Selasa, 11 NOVEMBER 2025 • 19:43 WIB

Ledakan SMAN 72 Jakarta, Densus 88: Ada 7 Bom, 4 Meledak Sisanya Aktif

Author

Konferensi pers Polri kasus ledakan SMAN 72 Jakut di Mapolda Metro Jaya, Jakarta. (INDOZONE/Samsudhuha Wildansyah)

INDOZONE.ID - Detasemen Khusus 88 Anti Teror (Densus 88 AT) Polri membeberkan hasil temuan pihaknya terkait pemicu ledakan yang terjadi di SMA Negeri 72 Jakarta Utara. Total, terdapat tujuh bom diantaranya sudah meledah dan sisanya masih aktif.

"Dapat kami simpulkan bahwa total di TKP kami temukan tujuh buah bom," kata Dansat Brimob Polda Metro Jaya, Kombes Pol Henik Maryanto dalam konferensi pers di Mapolda Metro Jaya, Jakarta, Selasa (11/11/2025).

Dari total tujuh bom tersebut, terdapat bom yang sudah meledak dan ada bom yang belum meledak dengan kondisi aktif.
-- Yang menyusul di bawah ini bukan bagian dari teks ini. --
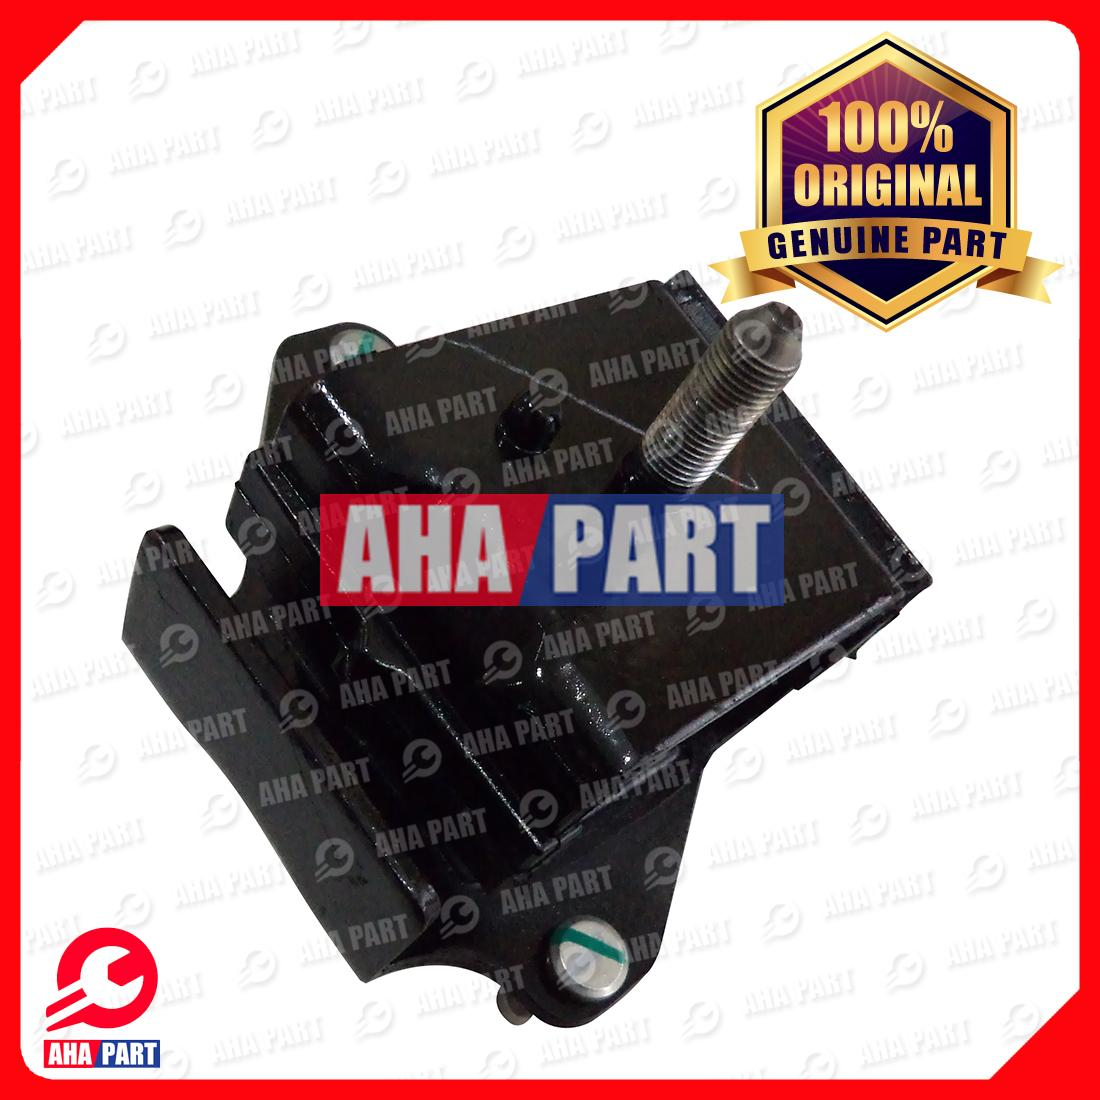 Kelebihan Daihatsu Head Lamp Headlamp Kiri Ayla Agya 81170 Bz170 001 Granmax Engine Mounting Depan Gran Max Part No 12362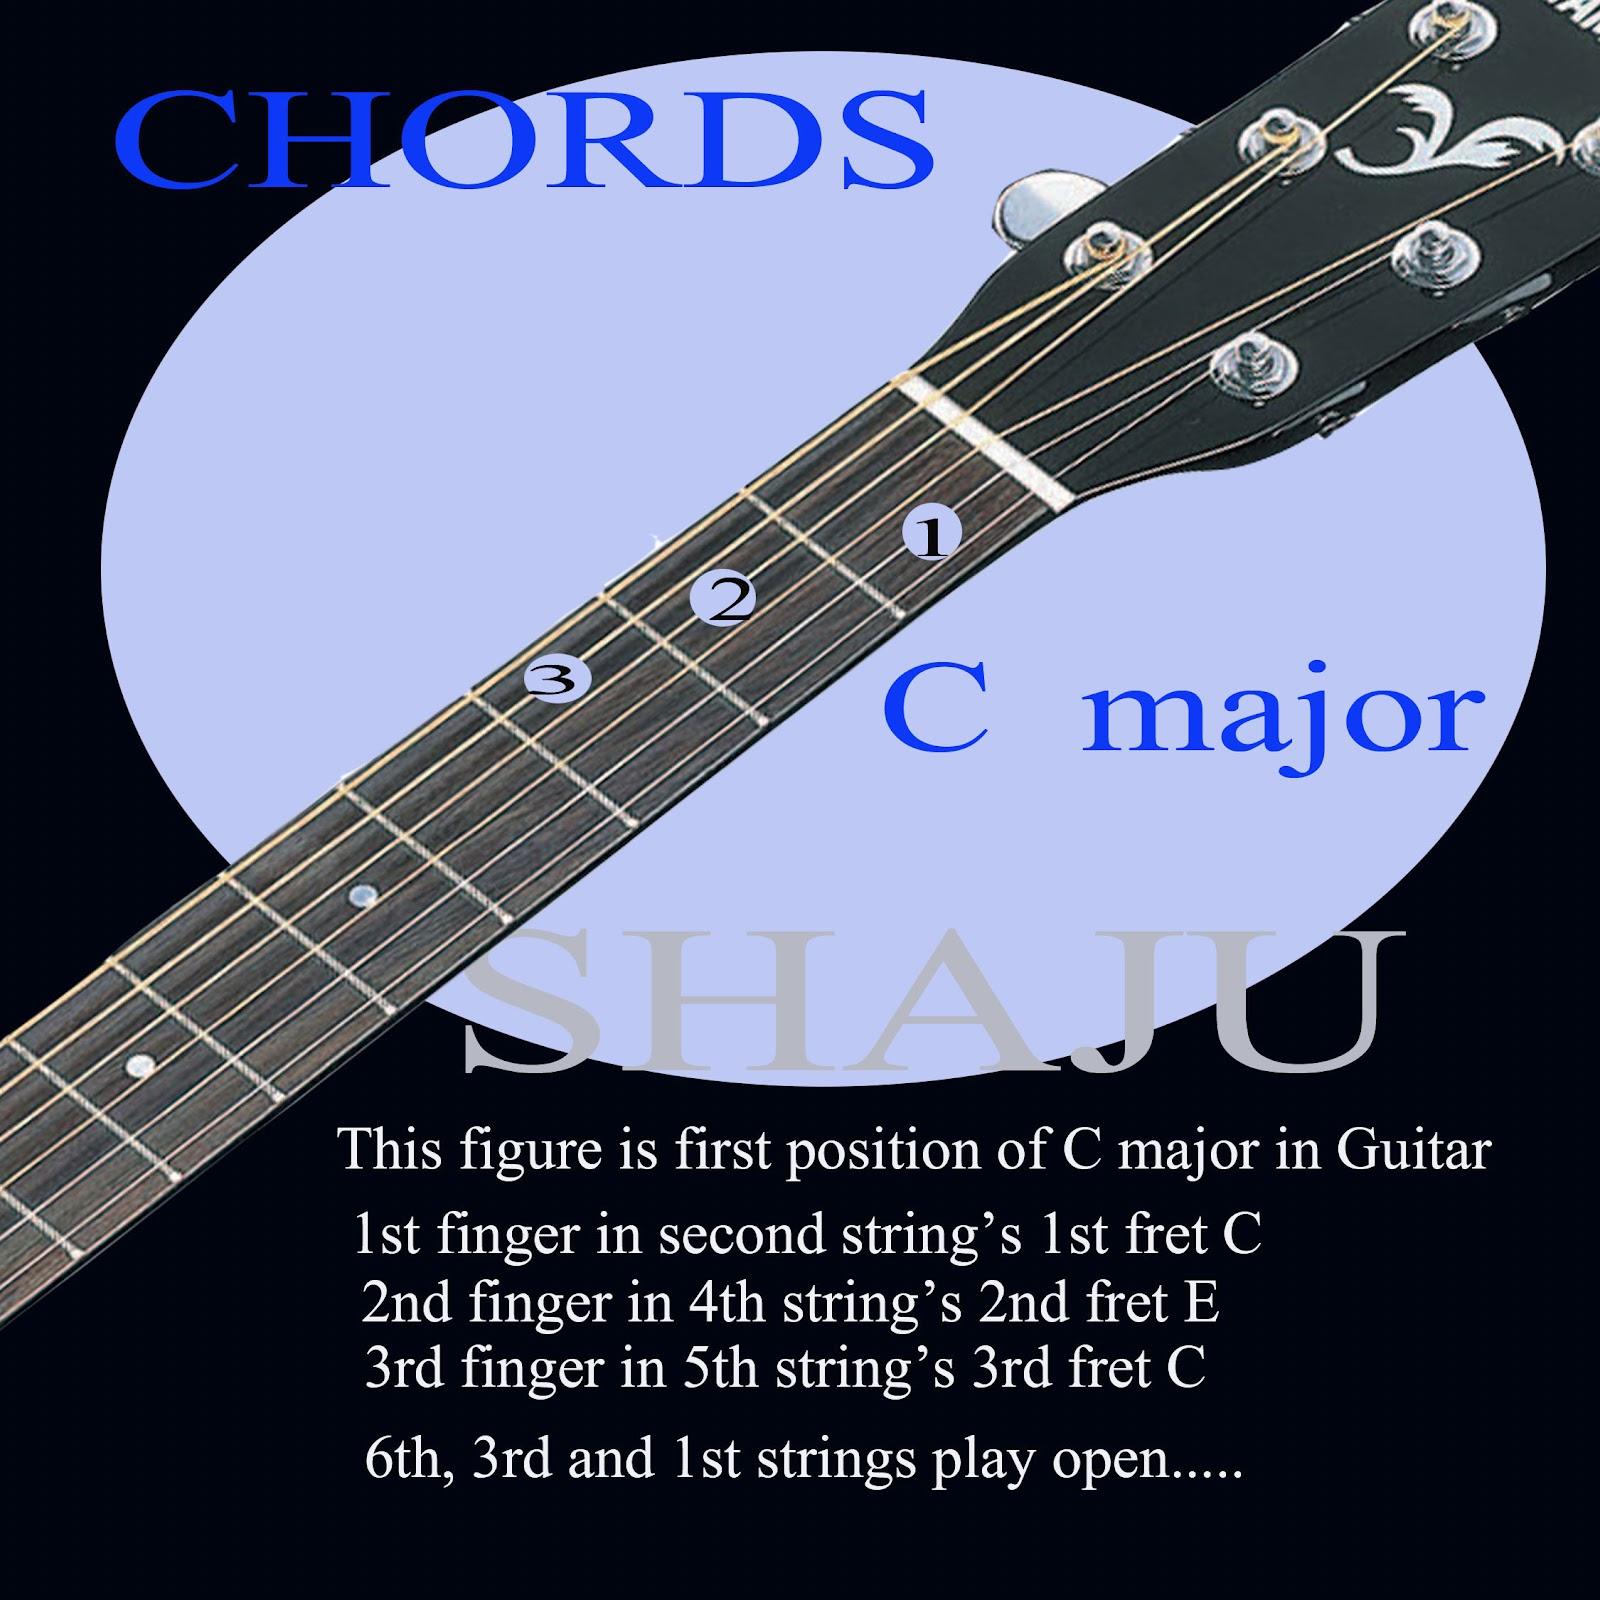 shaju 39 s guitar lessons c major. Black Bedroom Furniture Sets. Home Design Ideas

Bom yang belum meledak tersebut kini sudah berhasil diamankan oleh Brimob.

Baca juga: Israel Tetap Berulah meski Gencatan Senjata: Batasi Bantuan Kemanusiaan ke Jalur Gaza

"Jadi dari tujuh, empat yang meledak, tiga yang masih aktif sudah kita kembalikan di Markas Gegana Satbrimob Polda Metro Jaya," ungkap Henik.

Di sisi lain, ada dua lokasi ledakan terjadi antara lain di dalam masjid dan area masjid di sekolah tersebut.

Ada Bom Aktif Pakai Remot

Henik mengungkap pada TKP pertama yakni di dalam masjid, terdapat bom yang sudah dalam kondisi meledak. Bom tersebut sudah mengeluarkan isinya.

"Dari beberapa barang bukti kita analisis bahwa power yang digunakan oleh terduga itu dengan menggunakan empat buah baterai A4, kemudian inisiatornya adalah electric mesh, kemudian eksplosifnya mengandung potasium klorat, kemudian switchingnya menggunakan receiver yang dikendalikan dengan remote," kata Henik.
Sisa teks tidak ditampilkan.